Anyway, here's what my issues so far...

Pearly Gates - I'm thinking I can build them out of PVC pipe and then cover them with a pearlescent spray paint. Has anyone done this?

Cerberus - I've seen the posts where people have built him before, and they look AMAZING but I don't know how to do that myself. Can anyone give me a step by step? Doesn't necessarily have to be animated. Best I can come up with on my own, is to sew a giant stuffed dog and make two more heads, but I can't even find a pattern for that.

9 Circles of Hell/7 Circles of Heaven/7 Circles of Purgatorio - I'm thinking cutting circles from posterboard for each grouping, labeling them with each group, and then writing names on them of who is in each area. The big problem is, as much as the rest of my family is religious/intellectual, they won't recognize most of the names mentioned in the Divine Comedy...I'd like to modernize it, by adding people from the past 100 years or so, but am having a hard time classifying them, or thinking up people. I mean, Hitler? fits into sooo many areas! No one controversial, because my grandmother's birthday is not a place I want to start a dispute, but there are plenty of people we can all hate on. 

I'm also considering having a picture of Anton LaVey in hell - no one else will completely get it, but he looks a little devilish anyway. Plus, I figure I'll pull out my tarot cards and give readings (8th circle of hell - Sorcerers/Astrologers/False Prophets). 

Heaven has me a little stumped... I have pearly gates, white balloons, doves, stars, clouds...but it still seems like it's going to be kind of bare, compared to hell. Maybe that's ok though, since Heaven would be spacious, and Hell would be tight and cramped...

Sorry this is so long, but I'm new to this party hosting thing, so I need help!

Oh, and it's kind of disjointed but the bathroom is going to be a Dexter crime scene, because I'm the one throwing the party and it entertains me...


----------



## Tannasgach (Nov 1, 2009)

Welcome to the forum sweetspice!  I did a search on "Heaven and Hell" and a bunch of threads came up.

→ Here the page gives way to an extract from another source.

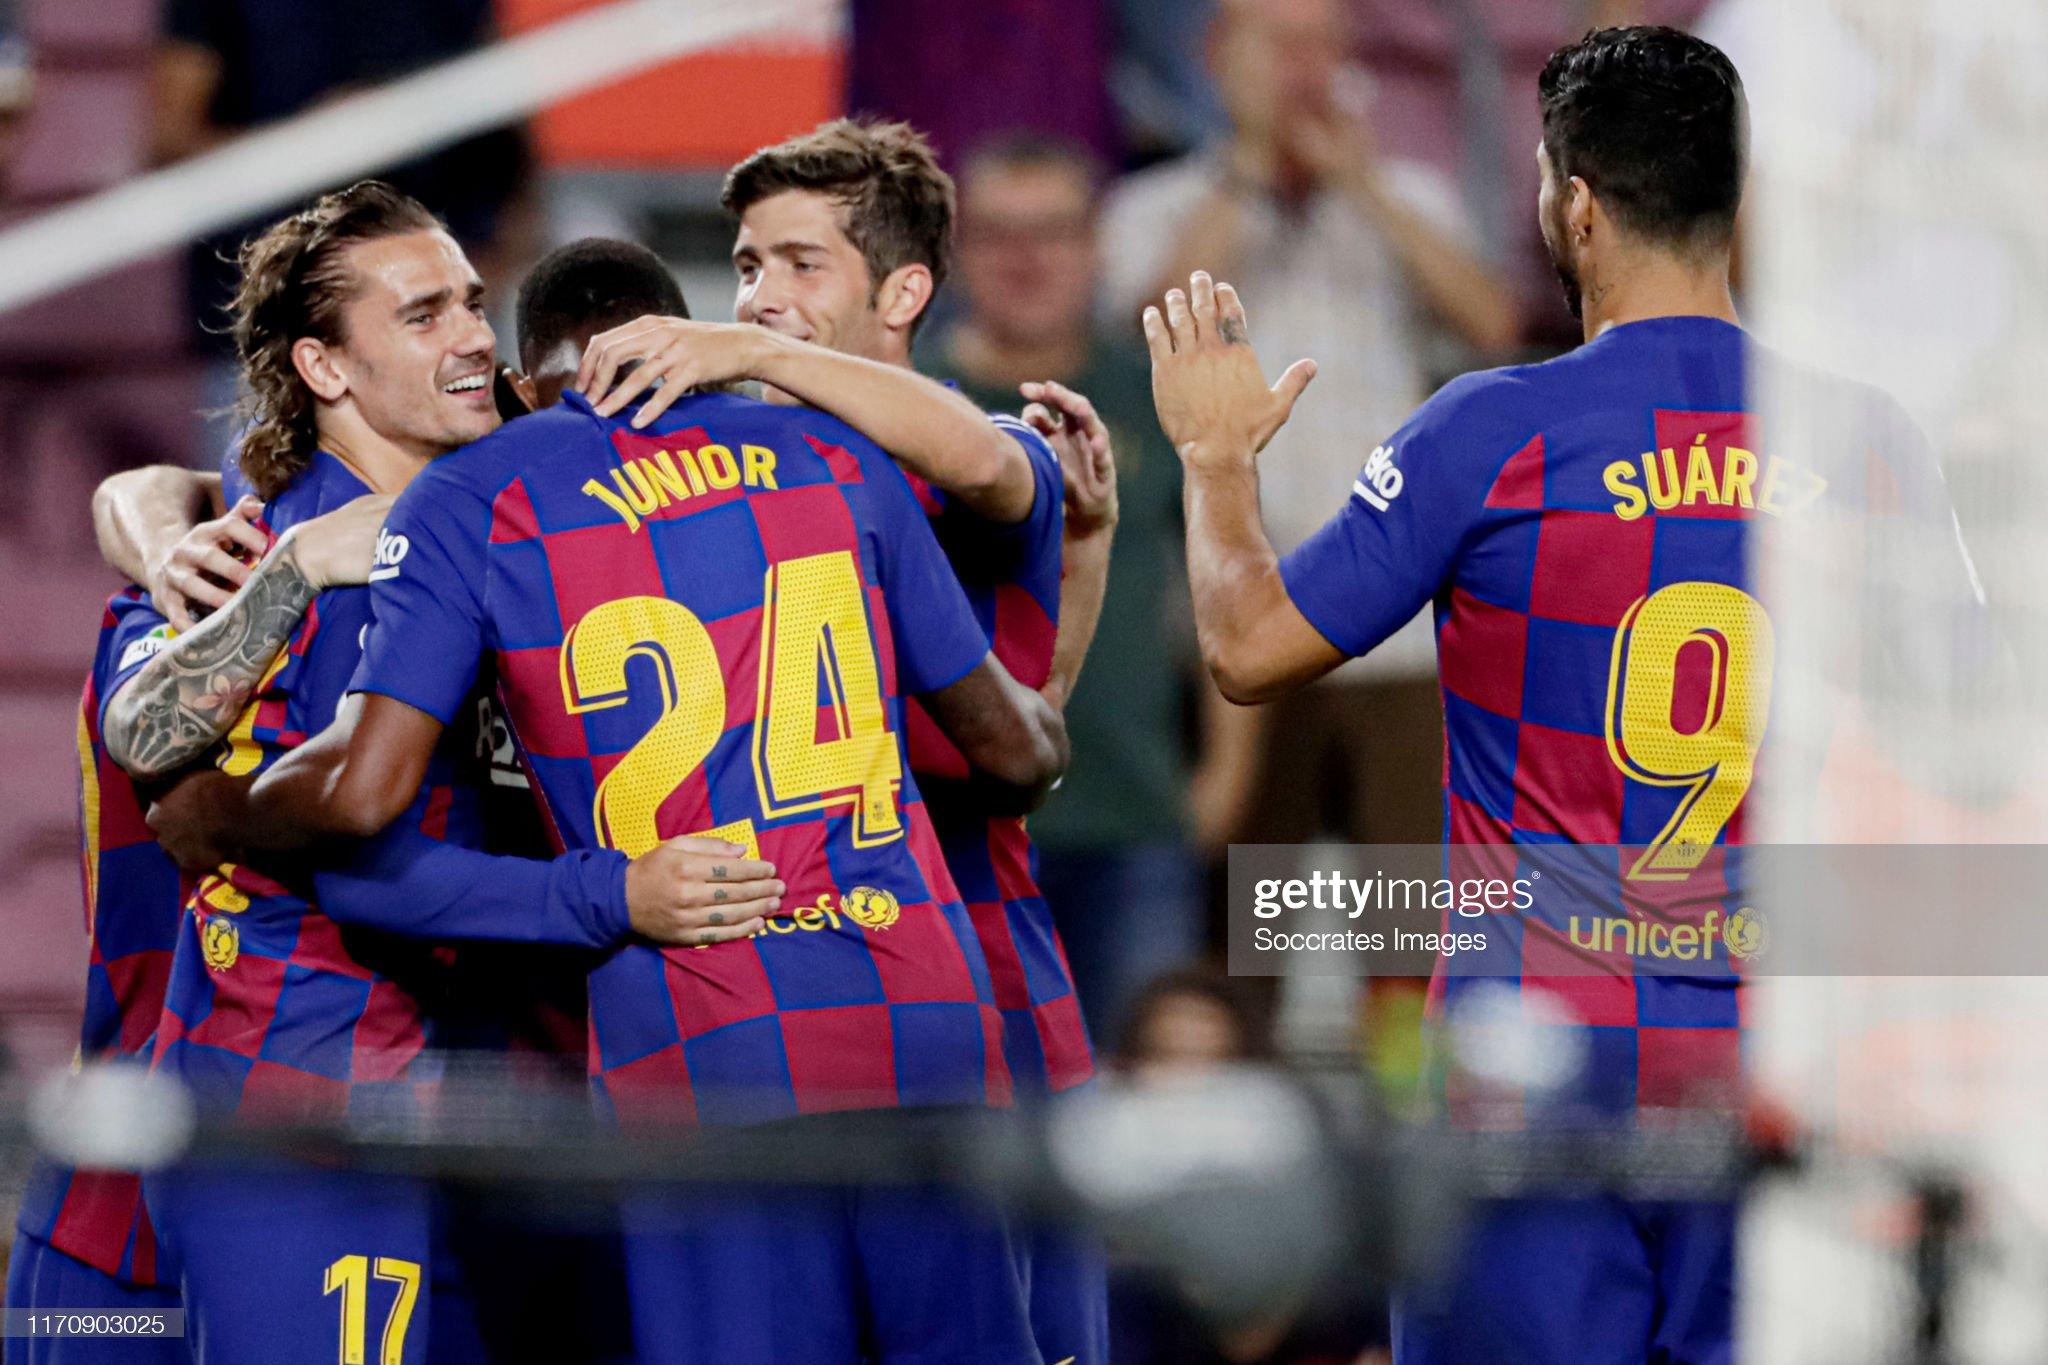 صور مباراة : برشلونة - فياريال 2-1 ( 24-09-2019 )  Antoine-griezmann-of-fc-barcelona-celebrates-10-with-lionel-messi-of-picture-id1170903025?s=2048x2048

I'm sure you could get plenty of ideas from them.

http://www.halloweenforum.com/search.php?searchid=450695

Then a search on just Heaven narrowed down the choices:
http://www.halloweenforum.com/search.php?searchid=450698


----------



## pumpkinpie (Jul 9, 2011)

Heres some pics and some links you might be interested in 






Cloud tutorial link http://www.weddinghigh.com/2012/01/diy-cloud-lights-for-your-wedding.html
You could do a cloud scene setter and if you plan on having tables in the room maybe try white tableclothes (something billowy) with a battery powered light under the table...like this








Pearly Gates sound great...heres a link that might help on cunstruction http://zombie.horrorseek.com/home/halloween/demonware/gates.html

Cerberus can be purchased at halloween stores from $22-30 but its only 8" tall






here is a pic where someone bought 3 identical stuffed animals and attatched the heads...






I would just simply cut the head off of 2 of the stuffed animals and reattatch them by sewing it on or you could maybe try hot glue. 

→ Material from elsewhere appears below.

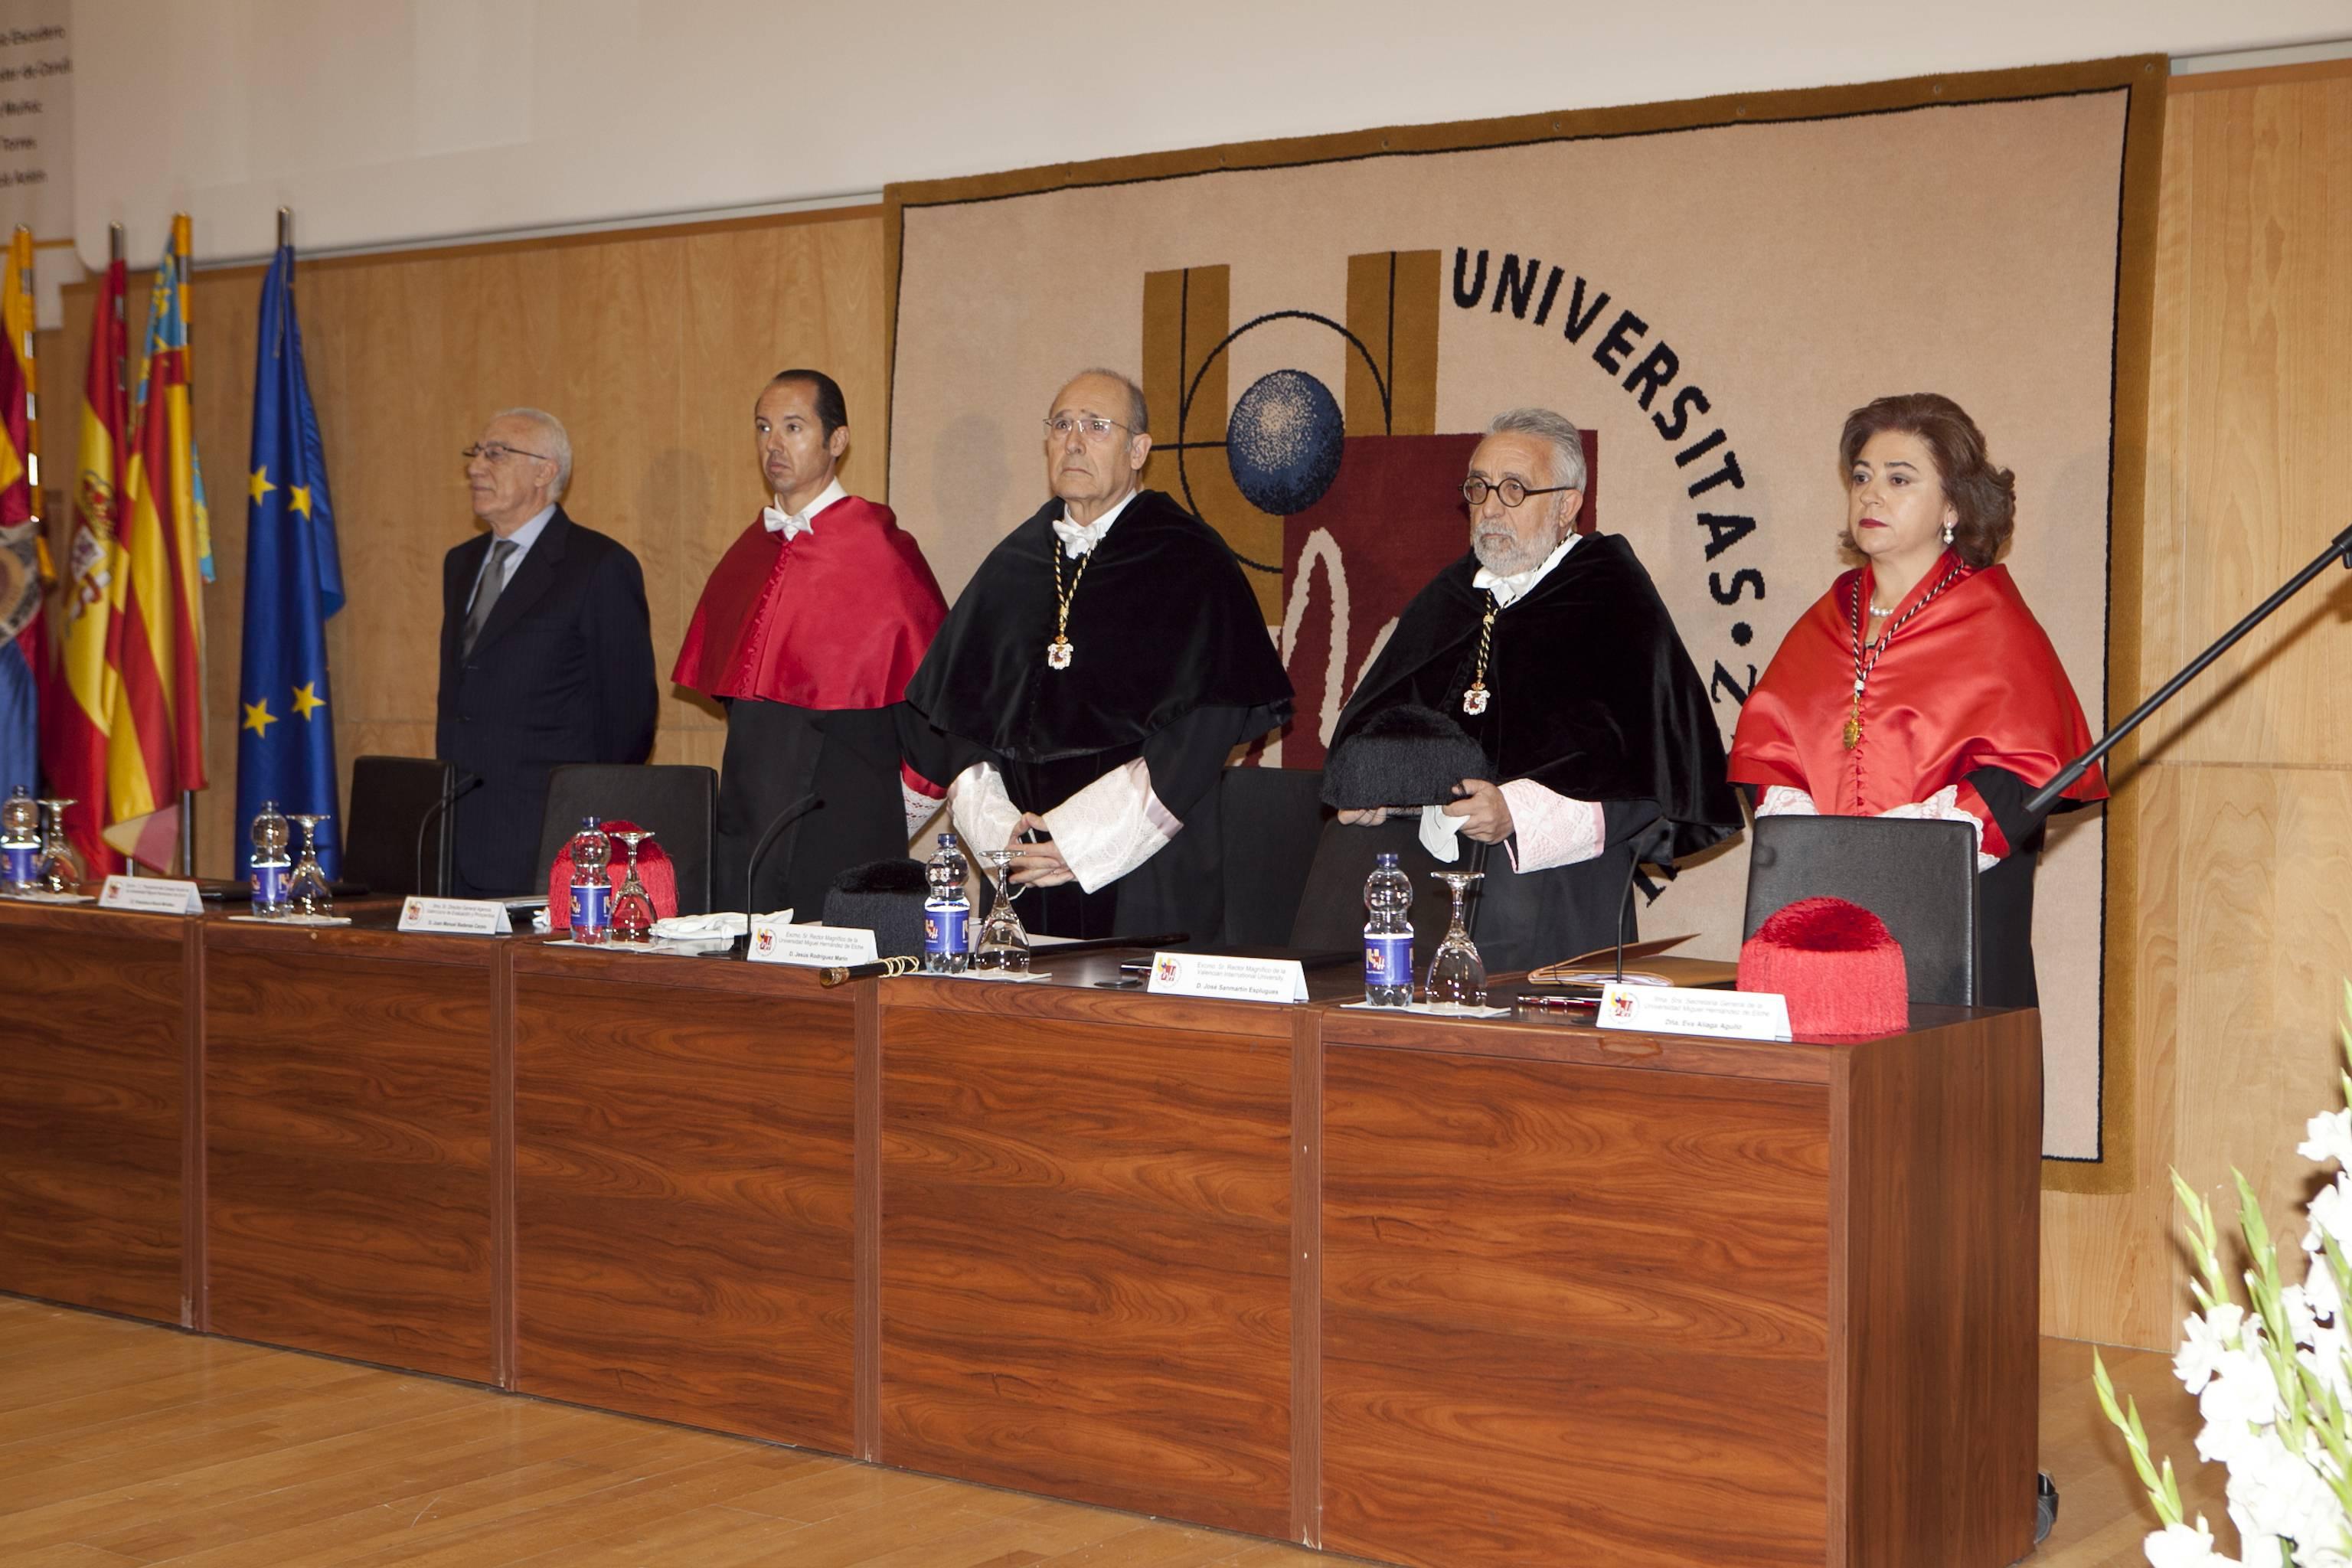 doctor-honoris-causa-luis-gamir_mg_0645.jpg

For Hell maybe you can do some red LED lights washing the walls (about $5 each)...You could have tons of red candles burning or make some of the fake fire if your worried about the little kids http://www.themebuilders.com/effects/HalloweenProps.HTML Here are a couple other things that might work http://www.bing.com/images/search?q...86F21F157EEBEC5C82A26D54EF24497FAC9&first=211 http://www.bing.com/images/search?q...DC535EC62CC23E8897BEC424A437DBF76009&first=71 Or maybe you can try this effect on the walls






(I realize this is pricy because they use projectors but Im thinking you coulg get the same effect from these candles with flame cutouts








Hope you find something that helps, ill post again if I think of anything


----------



## pumpkinpie (Jul 9, 2011)

http://www.halloweenforum.com/halloween-props/117240-hell.html


----------



## Danielj2705 (Jun 17, 2012)

I love pumpinpie's ideas for Heaven they look brilliant. 

Bright lights in Heaven- not strobe though.
And dark in hell with maybe only red lights. 

If you are having food then maybe that's something to think about.
The set up of food in Heaven could be on a cloud maybe made out of Great stuff?
And in Hell it could be on a rock made out of chicken wire and Great stuff? 

You could also pass out Halos in Heaven and devil horns in Hell, have everyone dressed slightly in character if its not a costume party.

Maybe include a Satan in Hell next to a throne which people can sit on and a God or Angel in heaven once again next to a throne. You could have these at opposite ends of the party area and to would give a nice contrast. 

I think Heaven should not be as crowded as Hell so simple decorations would look good. 

Hope this Helps


----------